Iker gli fa un sorriso un po’ sghembo, ed è solo perché lui e Xabi si conoscono da una quantità spropositata di anni che si arrischia a sollevare una mano e premere gentilmente un indice contro quelle che Xabi suppone siano le enormi, no, mastodontiche occhiaie sui propri zigomi. È un gesto fin troppo intimo e casuale, forse, e Iker potrebbe tranquillamente ficcarglielo nell’occhio, quel dito, da un momento all’altro, più o meno volontariamente, se non fa attenzione, ma Xabi è troppo stanco anche solo per avere l’istinto di scansarsi da lui e mettere al sicuro i propri bulbi oculari dai suoi polpastrelli invadenti.
«Non lo so,» tentenna Iker, ancora con quella smorfia divertita sul volto; Xabi non riesce ad impedirsi di notare la sua barba perfettamente curata, i capelli in ordine, il vago odore di bagnoschiuma che emana dalla sua pelle e per un minuto intero lo detesta, perché, Cristo, ha bisogno di una doccia. Lunga tre o quattromila anni, possibilmente. «Diciotto? Venti?»
«Prova a superare la trentina,» brontola Xabi, e normalmente non gli piace fare la lagna, non per sofferenze che praticamente si è autoimposto con un sorriso, peraltro, correndo loro incontro a braccia spalancate e col bisturi già in mano, vaffanculo il giorno in cui ha deciso di voler fare il medico, Cristo, ma in questo momento non è propriamente in sé, per cui potrà anche lamentarsi di questo turno che non finisce mai e delle emergenze e di tutto il cazzo di universo che sembra cospirare contro il normale decorso del suo bioritmo sonno-veglia, d’accordo?

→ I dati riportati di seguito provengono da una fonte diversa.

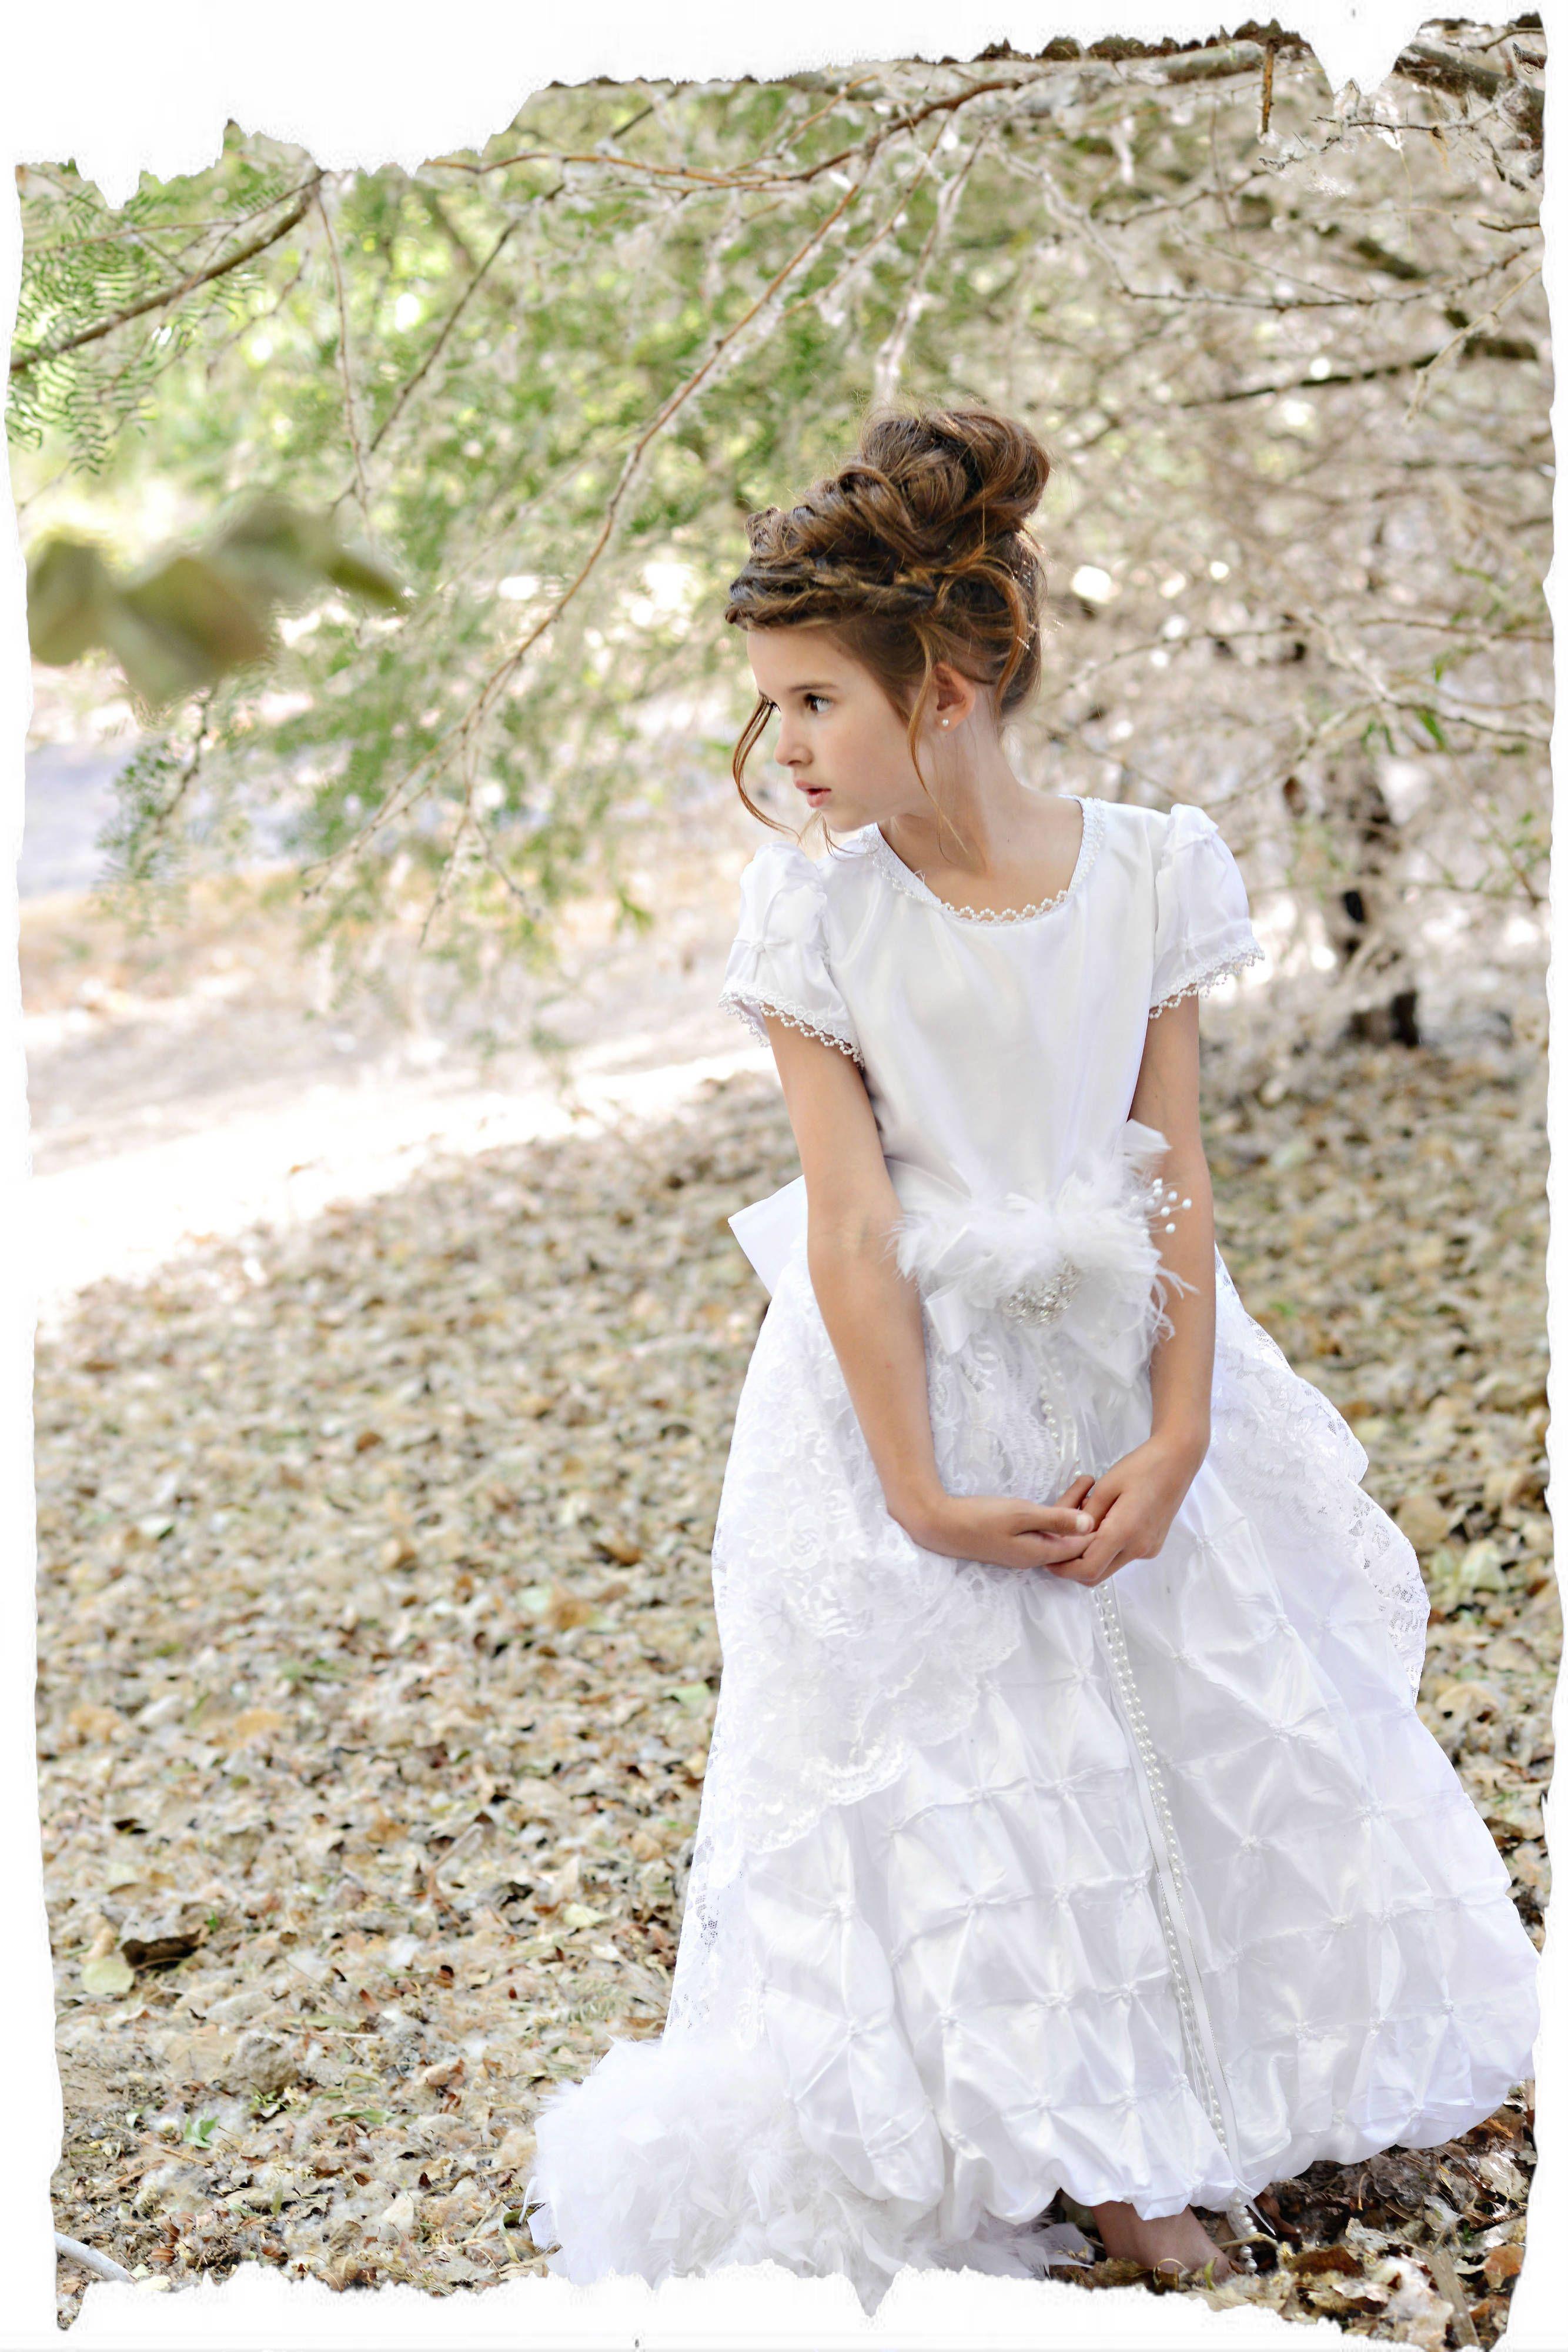 Sweetness and sunshine dress by babycoco bellea childrenus fashion

Iker sembra leggergli nel pensiero - sembra che riesca a vedere esattamente quanto Xabi sia vicino ad un collasso nervoso, e si tratta di millimetri, davvero, - e il suo ghigno si scioglie in un sorriso più affettuoso, amichevole, prima che, da bastardo manipolatore quale è, approfitti del momento di debolezza di Xabi per sfilargli di mano la cartella che stava compilando e, già che c’è, rubargli anche il caffè.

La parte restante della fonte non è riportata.